The walls closed in, not just with stone and plaster, but with eyes.
Her cousin no longer hovered—he stalked. Every time she stepped into the courtyard, his gaze followed. When she sat to study, the door remained open, his presence in the hall like a shadow pressed against her back. Even at meals, he watched how much she ate, where her gaze lingered, whether her hands trembled as she lifted her glass.

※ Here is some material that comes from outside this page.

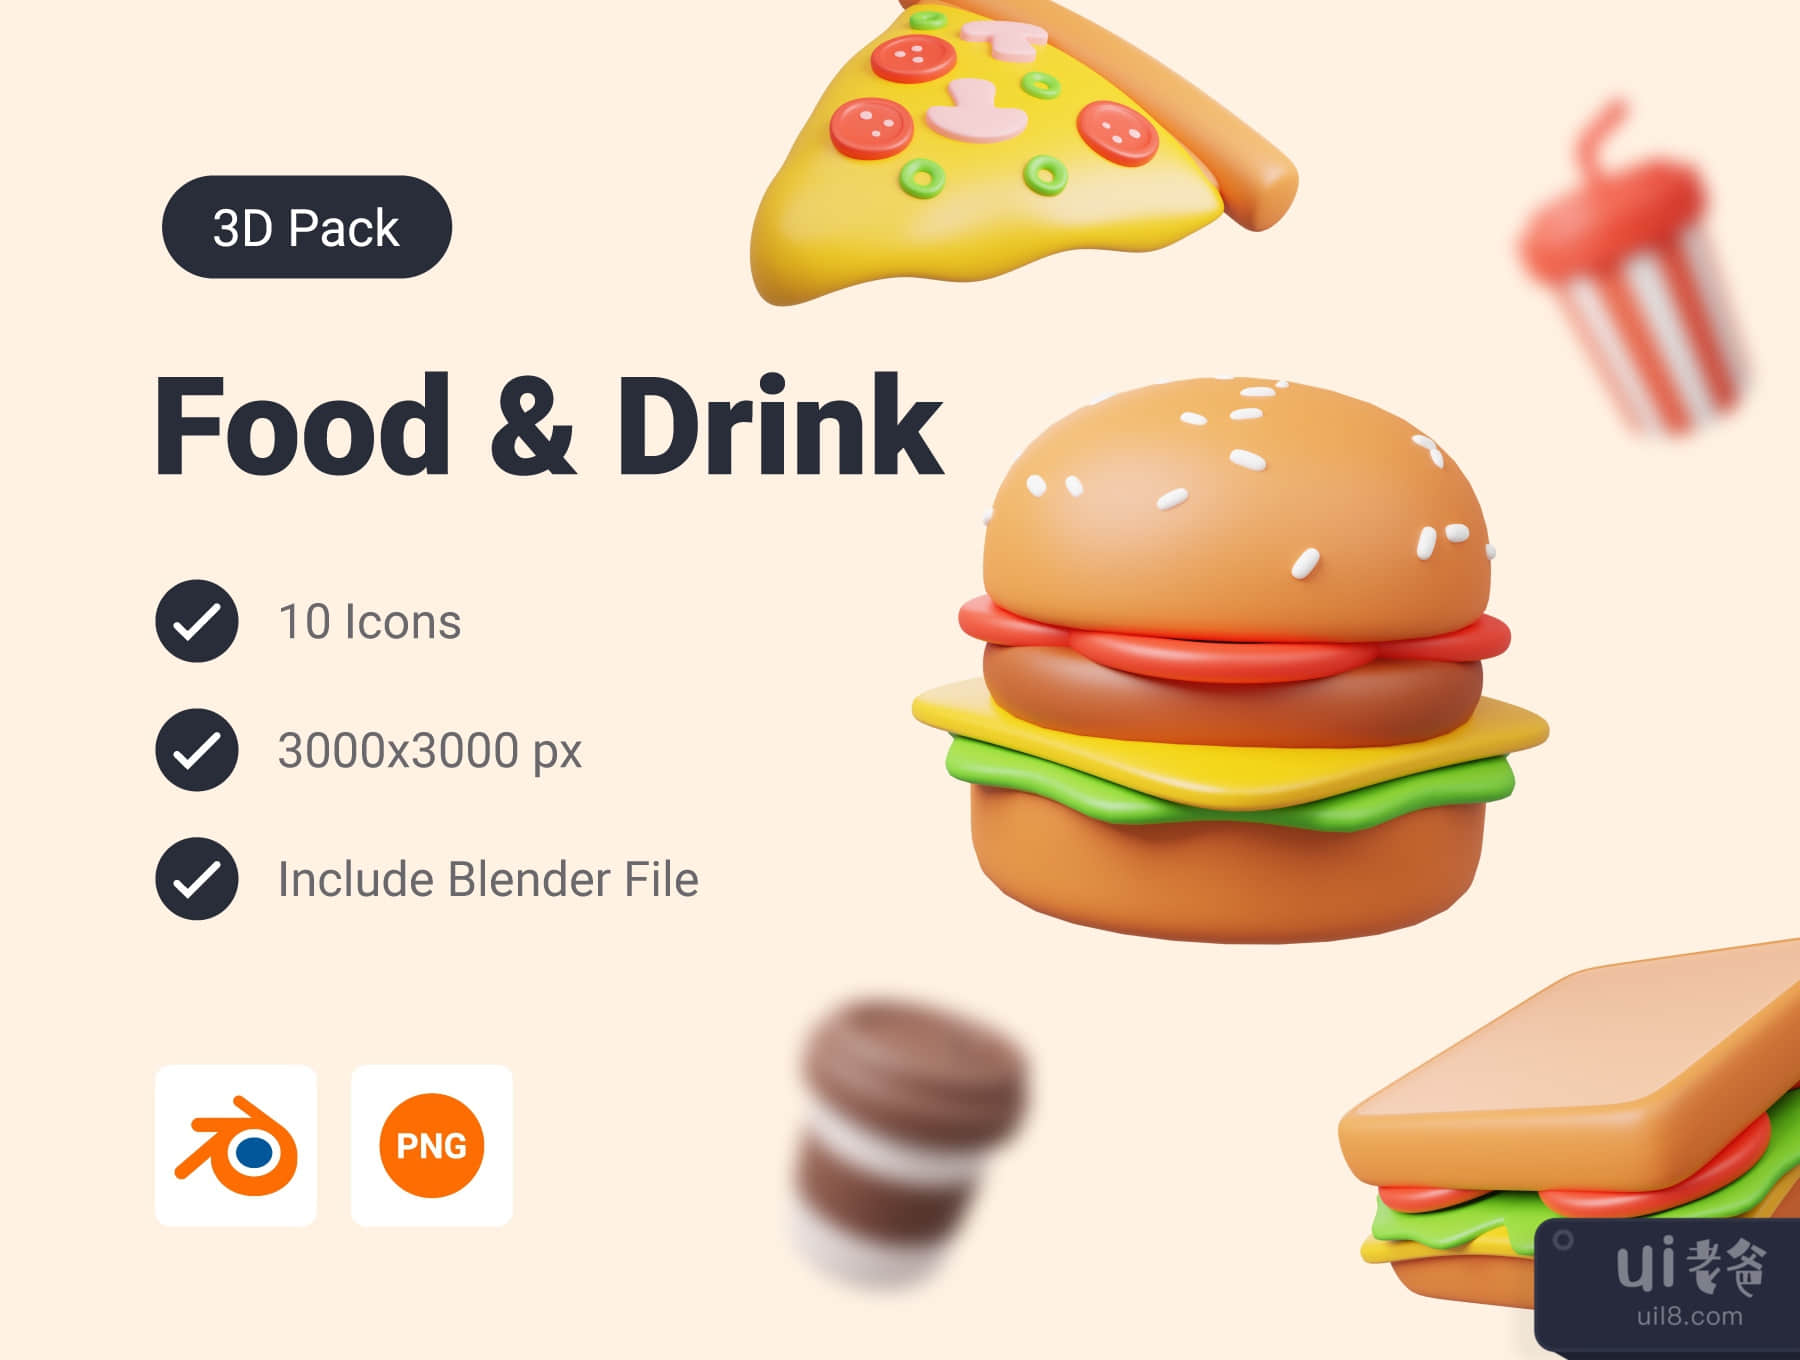 食品和饮料3D图标包 (Food and Drink 3D Icon Pack)插图

Her mother's tone softened, but the softness was suffocating too. "It's only for your own good," she said, adjusting Ananya's braid. "The world outside is dangerous. The house will protect you."
But the house was a cage.
The lock on her door clicked each night with the sound of finality. She would lie in the dim light of the oil lamp, tracing her wrist where the bangle once had been. The absence was a secret warmth. She had given him something no one could take back.
Days blurred. Lessons with a tutor under her cousin's watchful eye. Needlework she hated. Endless pujas where the air was thick with incense but thin of freedom.

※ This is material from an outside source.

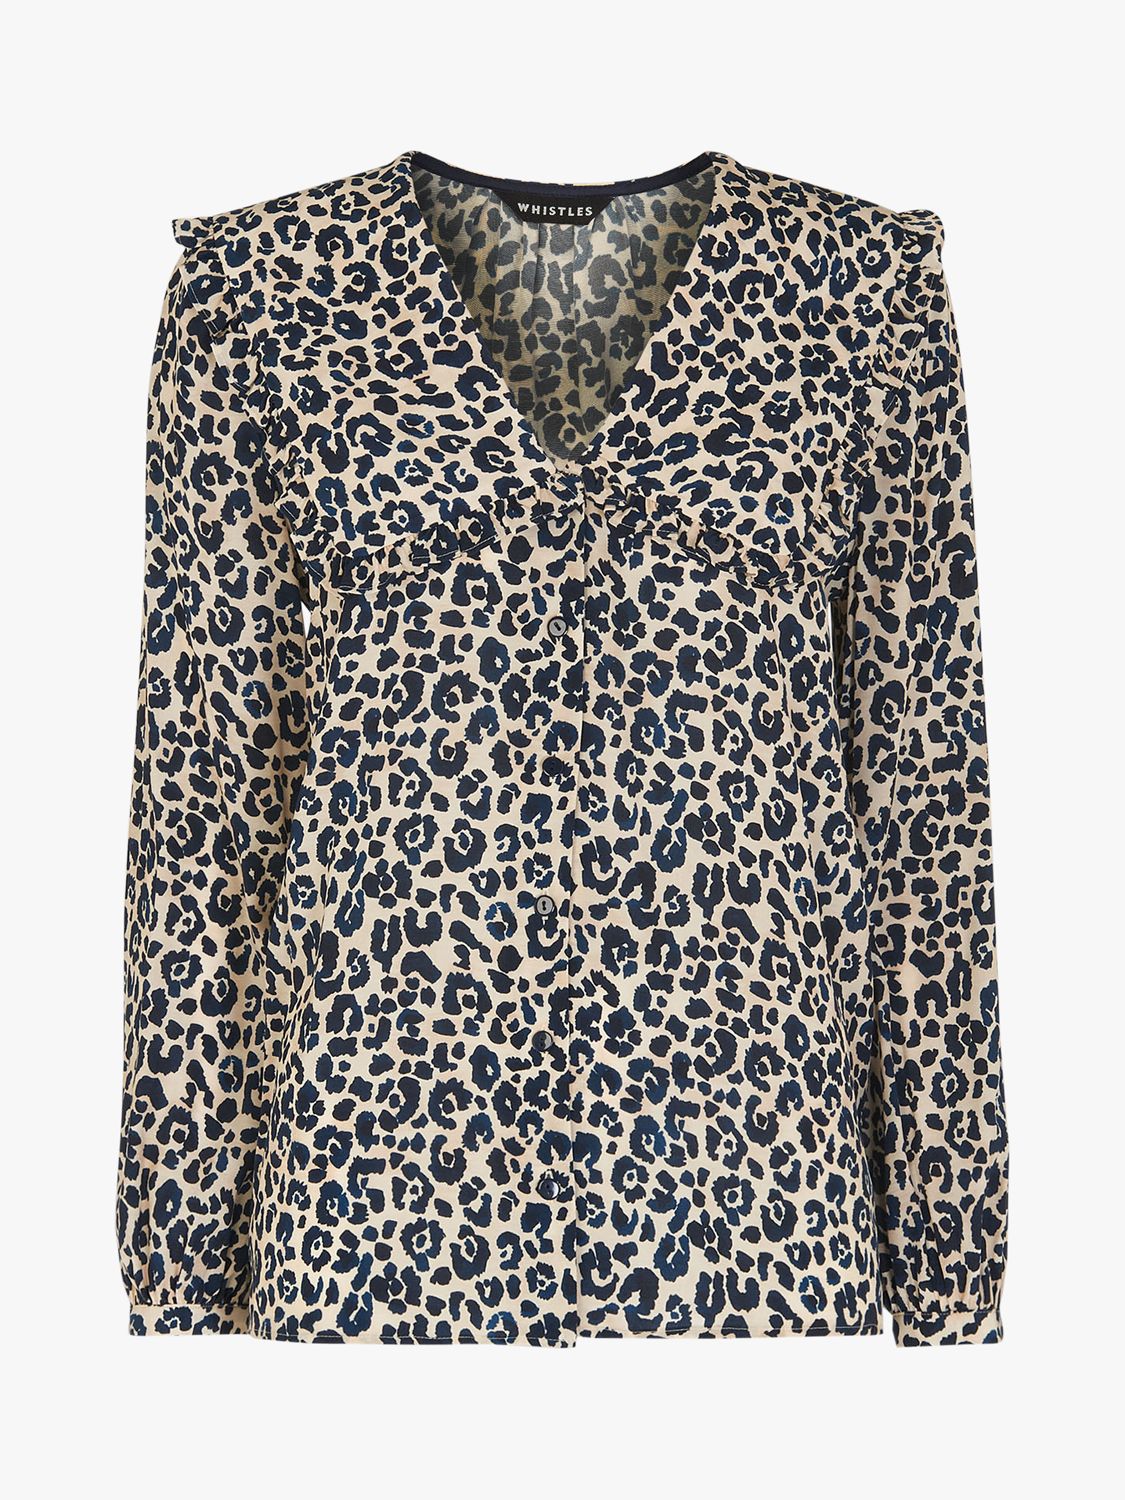 Whistles Cheetah Print Collar Blouse, Multi at John Lewis & Partners

Yet, inside, her defiance grew sharper. Every time the lock turned, every time her cousin narrowed his eyes, every time her father sighed disappointment—her will hardened like tempered steel.
They can lock my door, but they cannot chain my heart.
On the other side of the city, Riyan couldn't sit still.
The bangle never left his pocket. He touched it like a talisman, like a vow carved in glass. Kabir found him at the chai stall one evening, eyes burning with restless fire.
"You're going to tear yourself apart before you even reach her," Kabir muttered, sliding him a steaming cup.
Riyan didn't touch it. "She's locked in. I can feel it." His jaw clenched. "Every day she spends in there is another cut. I can't just wait."
Kabir sighed, though his gaze stayed steady. "Then we stop waiting."
Riyan turned, breath sharp. "You have an idea?"
Kabir nodded slowly. "It won't be easy. Or safe. But there are ways messages slip through walls. Servants. Market women. The temple again, if we dare. Even books. If she's caged, then we send the fire inside."
The thought ignited Riyan's chest. Dangerous, reckless, but possible.
He leaned forward, voice low, fierce. "Then we plan. Every detail. Every risk. I don't care if they tighten chains—I'll break them. I'll reach her."
The bangle in his pocket pressed into his thigh, a reminder. She was waiting. And he would not let her wait alone.
As the lock clicked shut on Ananya's door once again, she whispered into the silence, "I will not break." Across the city, Riyan's fists clenched around Kabir's plan. Two hearts, pressed apart by walls and chains, beat harder, louder—until those walls would have no choice but to crack.